» RECORDED INFORMATION:
----

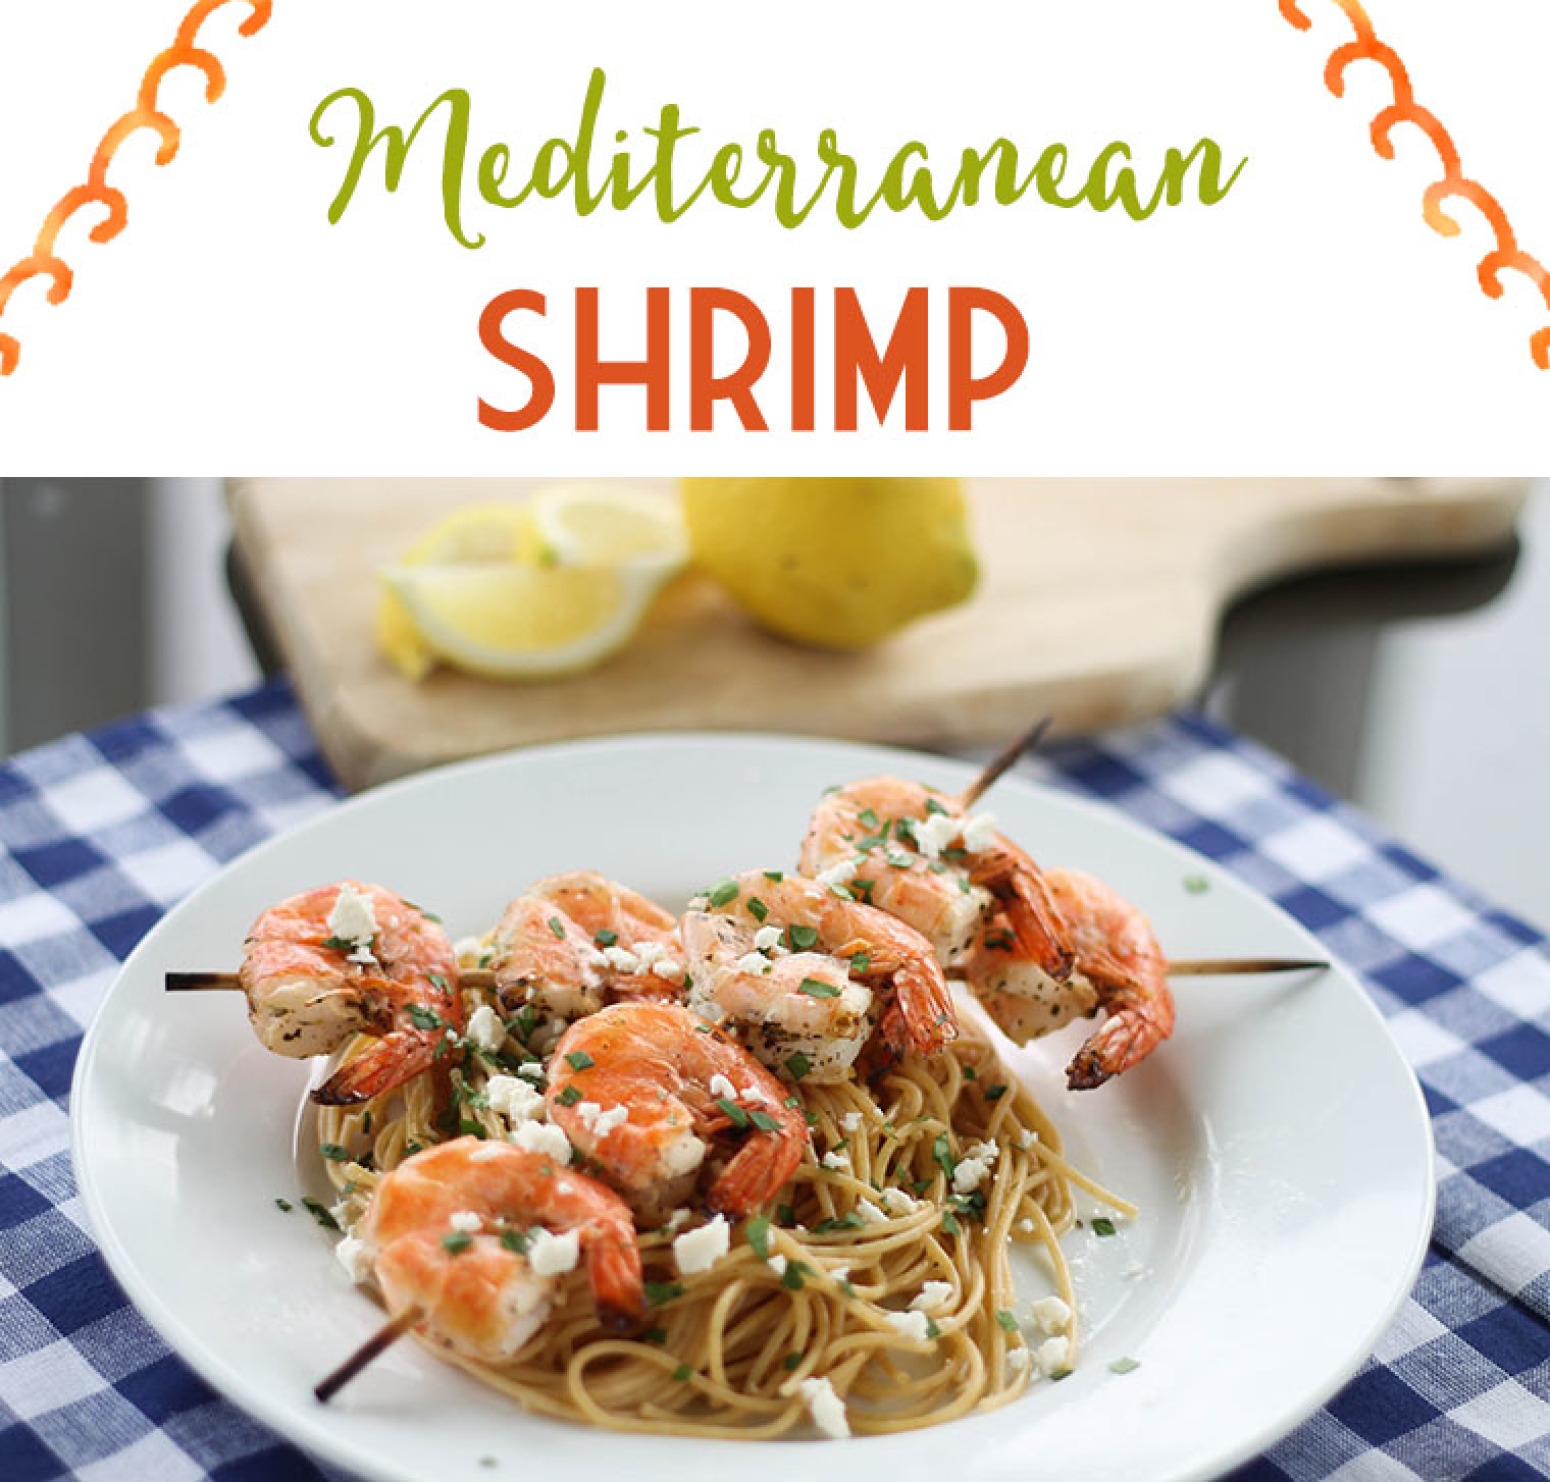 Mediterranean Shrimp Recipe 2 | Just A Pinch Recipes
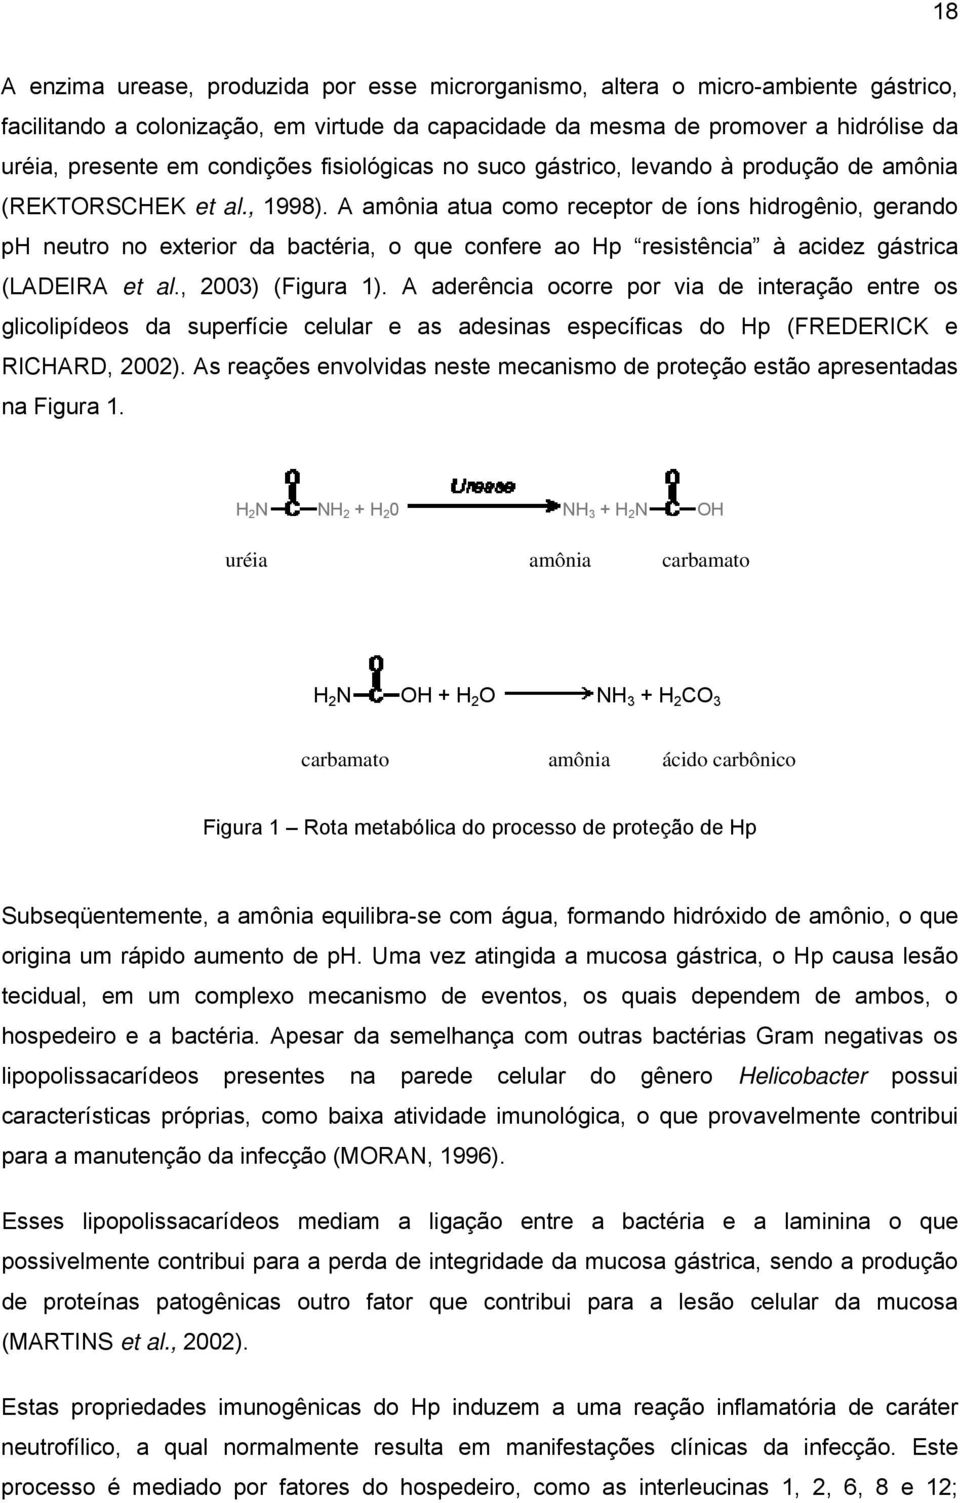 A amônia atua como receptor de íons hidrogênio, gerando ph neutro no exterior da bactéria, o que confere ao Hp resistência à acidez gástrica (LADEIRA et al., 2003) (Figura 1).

----

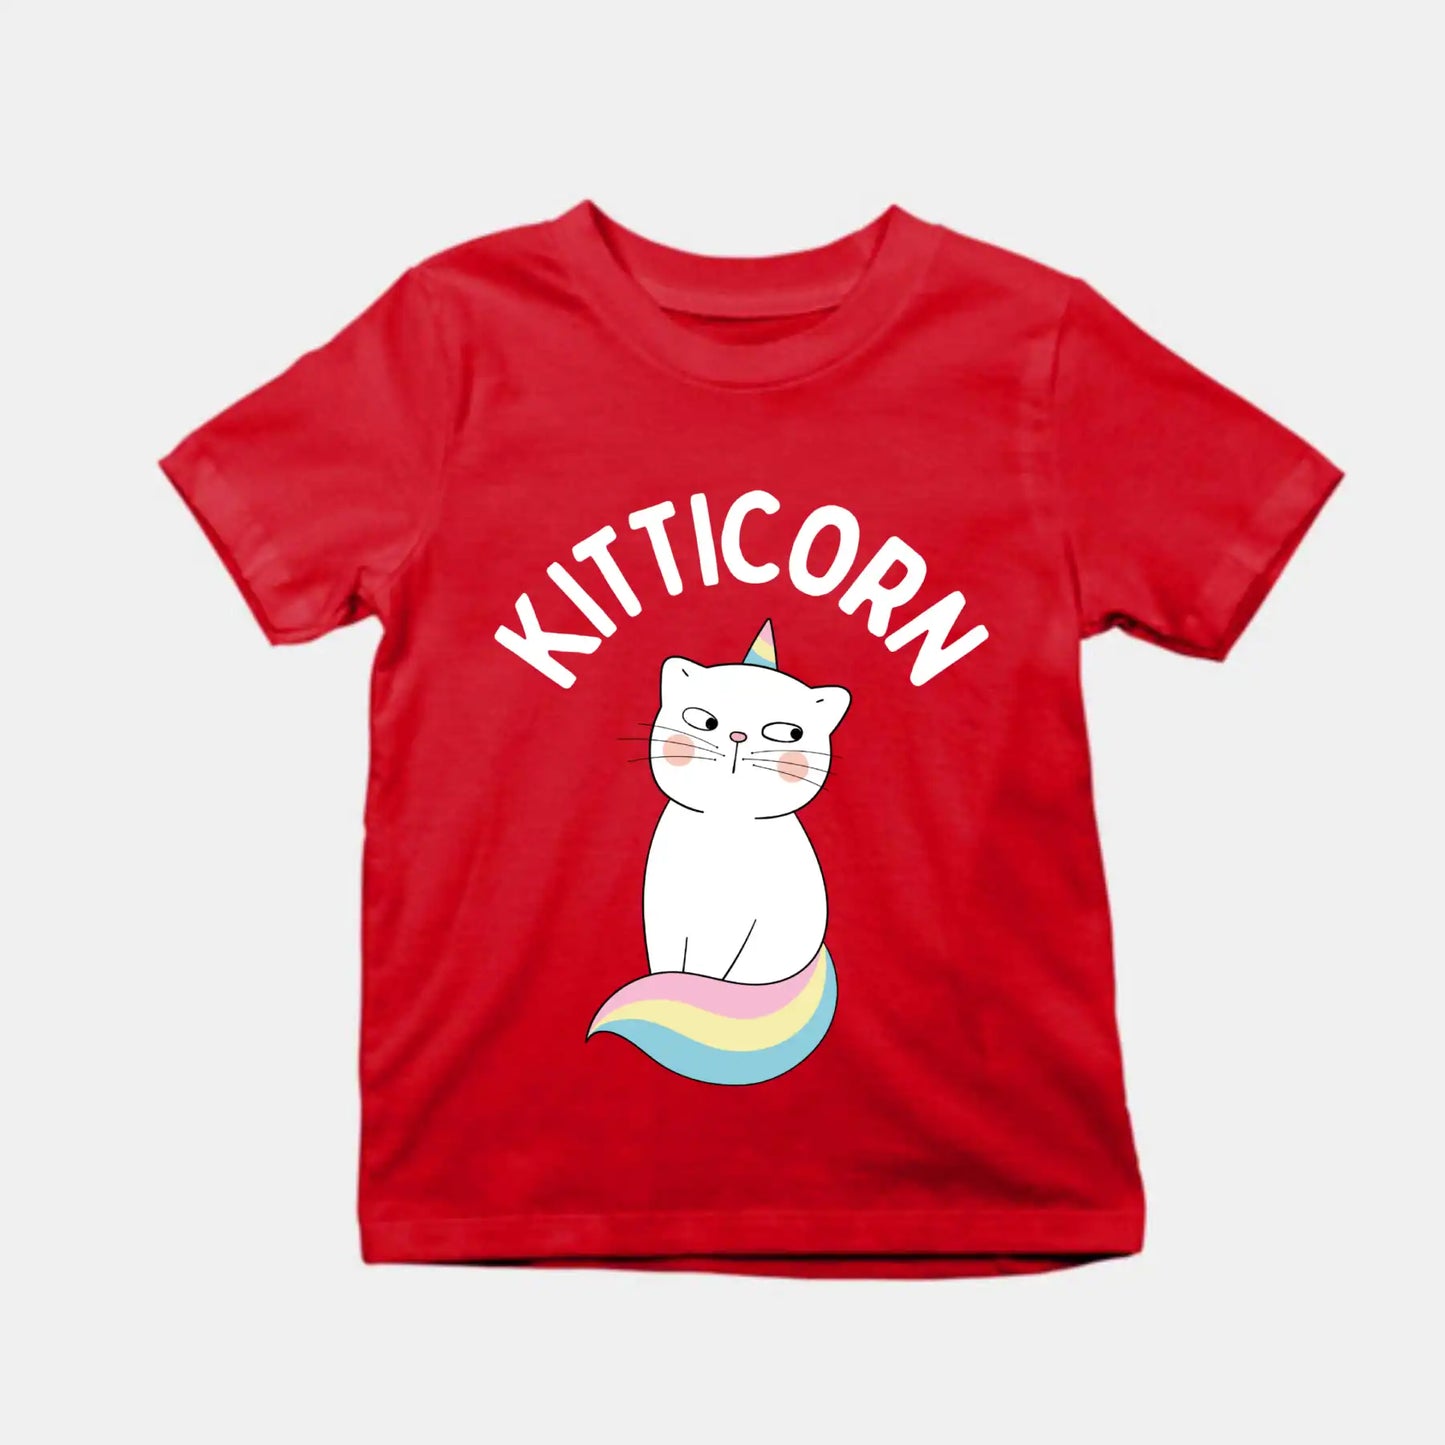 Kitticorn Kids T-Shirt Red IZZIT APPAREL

----

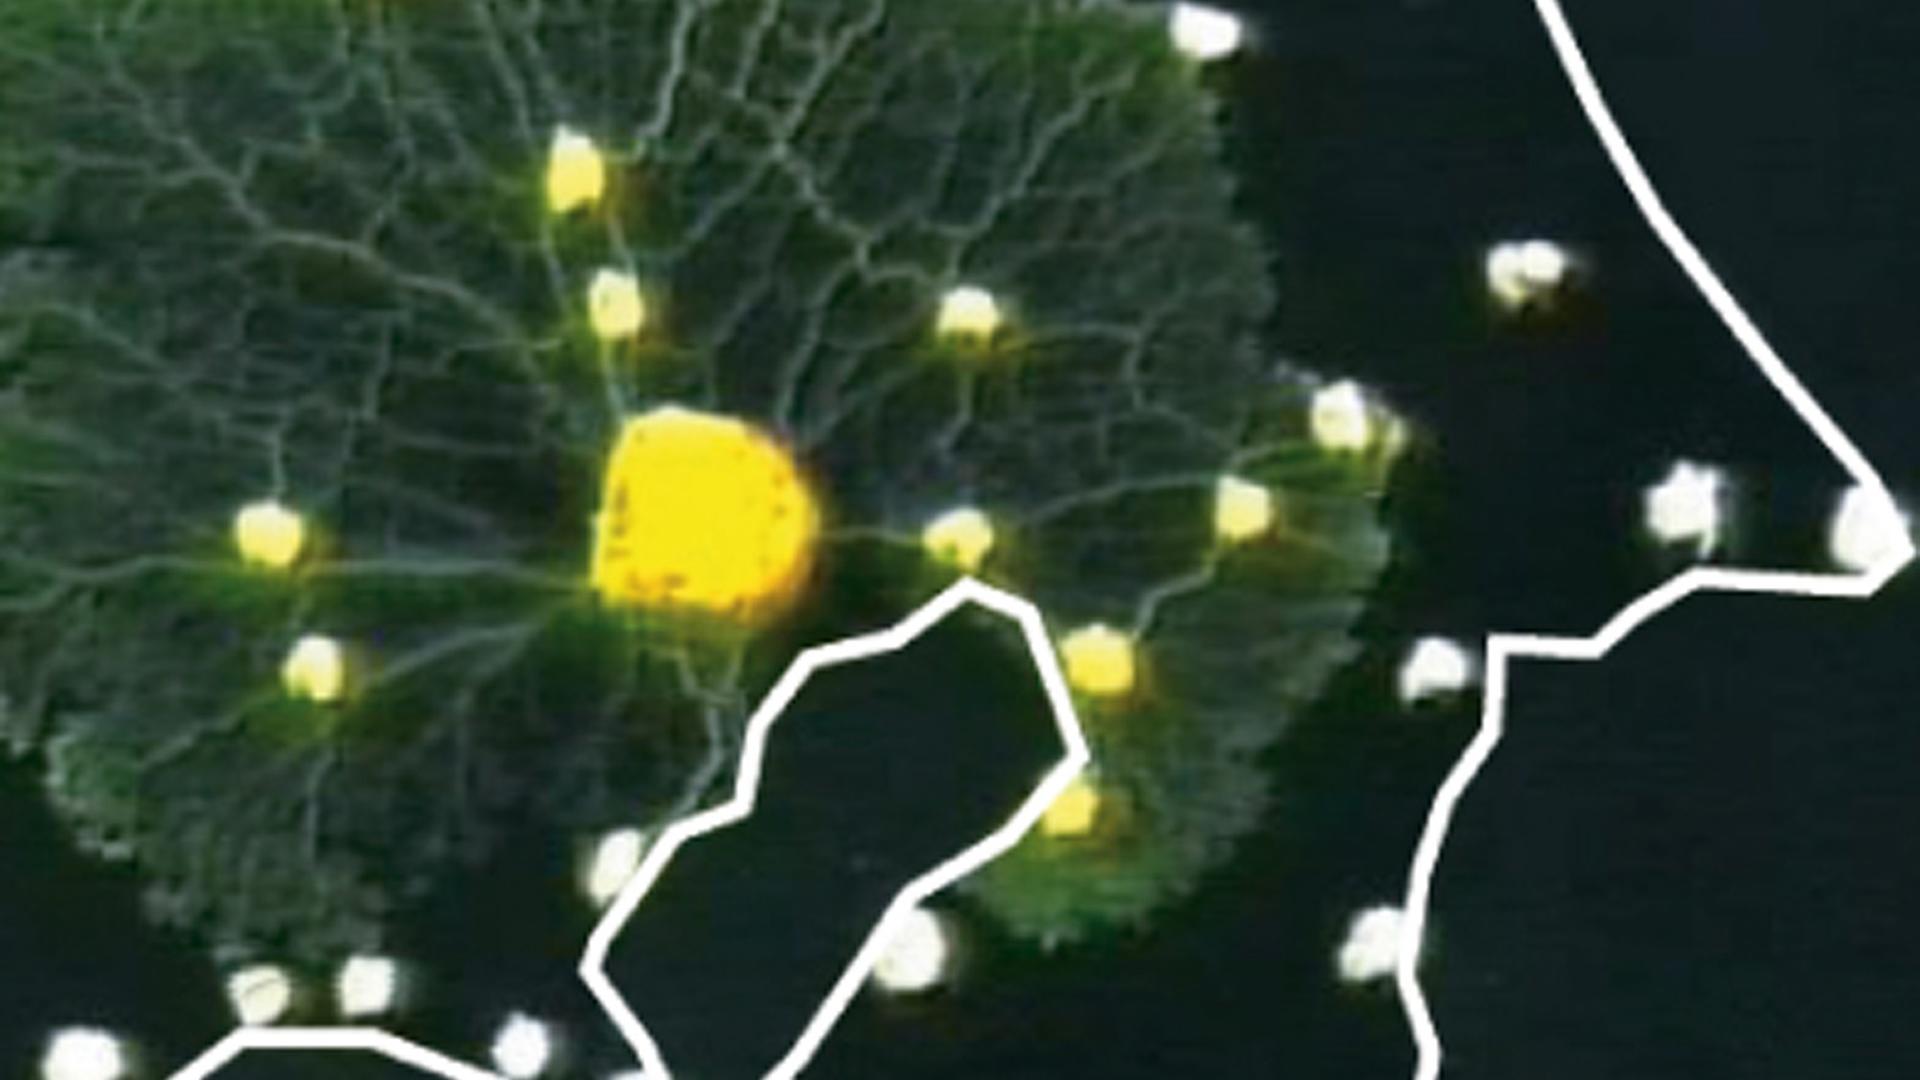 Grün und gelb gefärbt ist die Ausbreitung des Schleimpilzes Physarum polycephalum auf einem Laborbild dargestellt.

----

» PROBLEM REQUIREMENTS: Your reply should consist solely of the lines above from the line containing "Mediterranean Shrimp Recipe" up to and including the line containing "A amônia atua", reproduced exactly, minus the pictures.

» WRITTEN RESPONSE:
 Mediterranean Shrimp Recipe 2 | Just A Pinch Recipes
 A amônia atua como receptor de íons hidrogênio, gerando ph neutro no exterior da bactéria, o que confere ao Hp resistência à acidez gástrica (LADEIRA et al., 2003) (Figura 1).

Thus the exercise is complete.